Como define Fleury, “O Furinho era de vez em quandário” — embora costumasse ser mensal.

Edição do jornal ‘de vez em quandário’ O Furinho, fundado por Sérgio Fleury durante a adolescência; exemplar mostra a antiga ‘Vila do Esqueleto’, hoje conhecida como ‘Bom Jardim’

Em uma de suas edições, O Furinho destacava os pormenores da “Vila do Esqueleto”, uma favela da cidade. Em reportagem, o adolescente relatava o problema das desigualdades numa época em que pouco se falava a respeito. Era 1975, e Sérgio tinha 14 anos.

Mas uma reportagem despretensiosa quase fechou O Furinho.

Sérgio estudava na escola Leônidas do Amaral Vieira. Naquele tempo, durante o intervalo entre as aulas, era permitida a abertura do portão do colégio, que fica em frente à praça São Sebastião. Jovens saíam abertamente para sentar nos bancos da praça e conversar sobre tudo o que fosse possível.

Em outros tempos, retornavam normalmente ao interior do colégio e iam direto às salas de aula. Evasão escolar não era tão comum como hoje

Num dia qualquer, porém, o então diretor da Leônidas, Sebastião Jacyntho da Silva, determinou que os portões ficassem fechados durante o intervalo.

A notícia rapidamente correu à boca pequena dos alunos e chegou, claro, ao adolescente Sérgio Fleury Moraes, que considerou a decisão arbitrária.

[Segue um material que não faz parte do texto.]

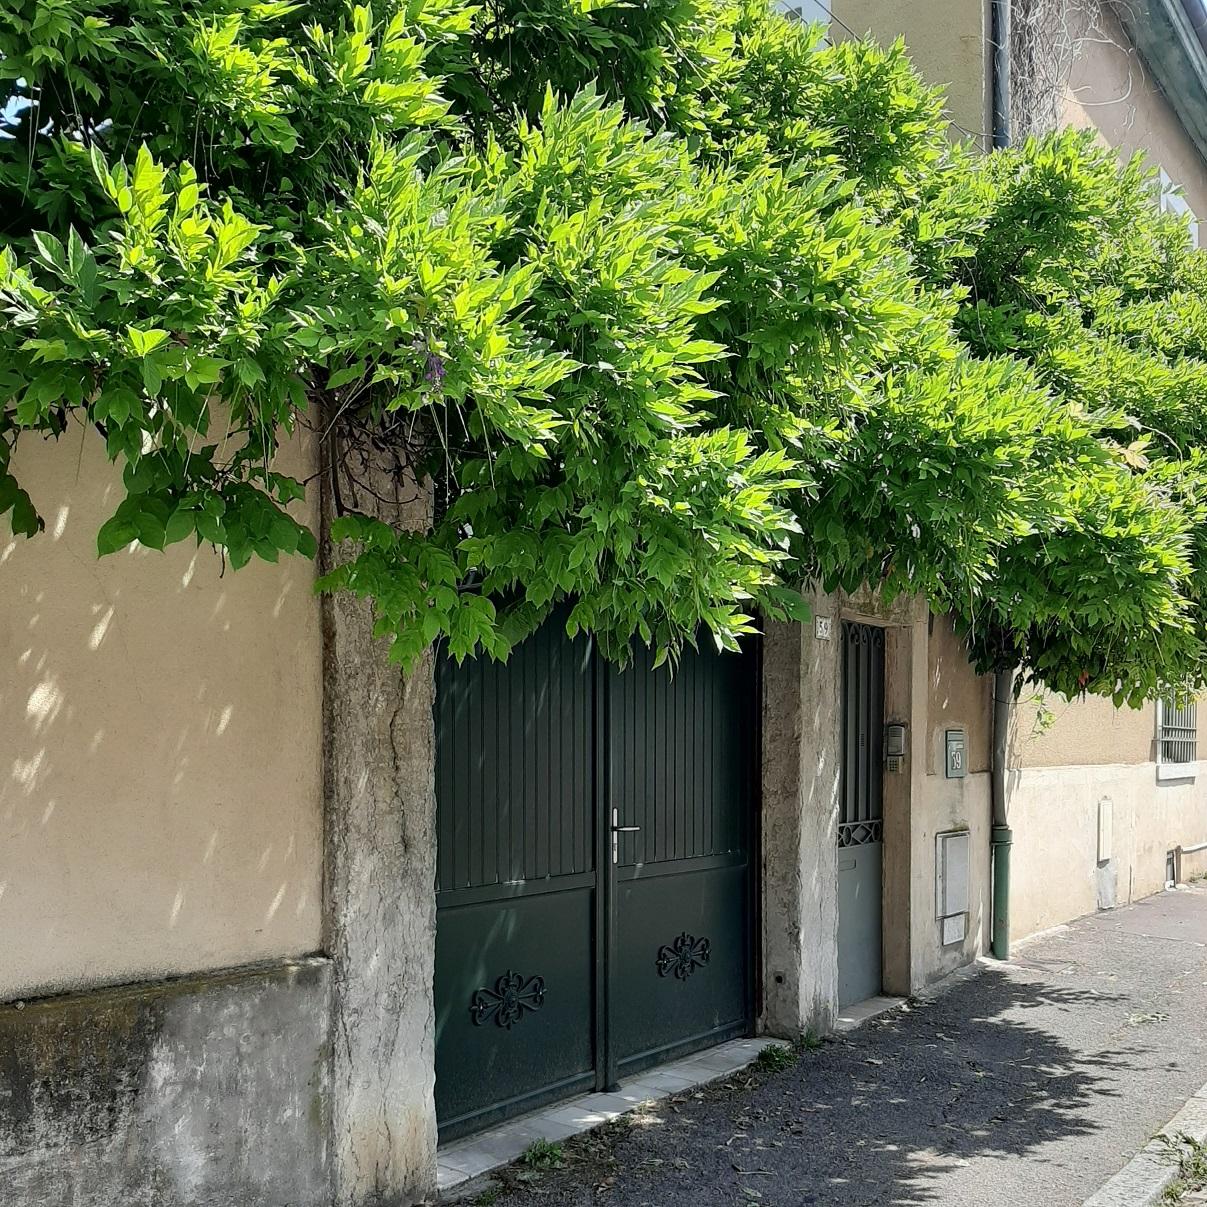 Un joli portail dans le quartier de Montchat, à Lyon

Na capa de O Furinho daquela semana estava, então, “a decisão absurda do diretor”. A reportagem dava destaque ao depoimento de vários alunos. Todos, sem exceção, criticavam o fechamento dos portões.

O problema é que O Furinho era impresso nos mimeógrafos da escola Leônidas do Amaral Vieira, que cedia o equipamento ao estudante. Mas nem de longe era um jornal estudantil, uma vez que a condição imposta por Sérgio para ele mesmo é a de que um jornal precisa de liberdade editorial.

Editor e único funcionário de O Furinho, Fleury tinha a liberdade de que precisava para manter seu espírito crítico. Mas a reportagem sobre a decisão do diretor em fechar o portão incomodou.

Irritado com as críticas que recebeu, o então diretor da Leônidas chamou Sérgio Fleury na direção da escola.

— Quem é que autorizou você a publicar isto num jornal da escola? — perguntou o diretor.

— O jornal não é estudantil, senhor. O Furinho é meu. — respondeu Fleury.

— Mas onde é que você o imprime? — insistiu Jacyntho.

— Aqui. O senhor me empresta o mimeógrafo.

A partir daquele momento, Sérgio estava terminantemente proibido de imprimir o jornal nas dependências da Leônidas. Foi o primeiro dos milhares de confrontos com autoridades, que buscam intimidar seus críticos a partir do poder que têm em mãos. Um diretor tem o mimeógrafo, um político tem aqueles que o idolatram, e juízes, a toga . E por aí vai.

Apesar das desavenças com o diretor, Fleury foi à escola no dia seguinte. O inspetor bateu na porta de sua sala de aula e anunciou:

— Sérgio, o delegado de Ensino quer te ver na delegacia ainda nesta tarde.

Todos os alunos sabiam sobre o que tinha acontecido no dia anterior. “Ferrou”, pensou Sérgio. O mesmo raciocínio tiveram os alunos.

Baixo, rechonchudo, sério e definido como um homem de poucas risadas, Gentil Marques Valio, o delegado de Ensino da época, era uma figura que amedrontava quem quer que fosse.

Já diante do delegado, trêmulo e suando frio, Sérgio sentou-se numa cadeira gelada. Numa época em que não havia celular, sequer pôde se distrair enquanto aguardava a bronca que sabidamente tomaria.

— Soube que o senhor redigiu uma reportagem que deixou o diretor Jacyntho muito bravo. É verdade?

— Sim, senhor. É verdade.

— E soube também que você imprimia o jornal no mimeógrafo da escola. E que agora está proibido de fazer isso.

— Isso, mesmo, doutor.

— Pois agora você está autorizado a imprimi-lo aqui na delegacia. Está liberado, pode ir embora.

Anos mais tarde, Gentil se tornaria colunista do DEBATE, do qual foi entusiasta desde o princípio, e também um grande amigo de Sérgio, que viu no delegado que salvou O Furinho um exemplo de alguém verdadeiramente democrata.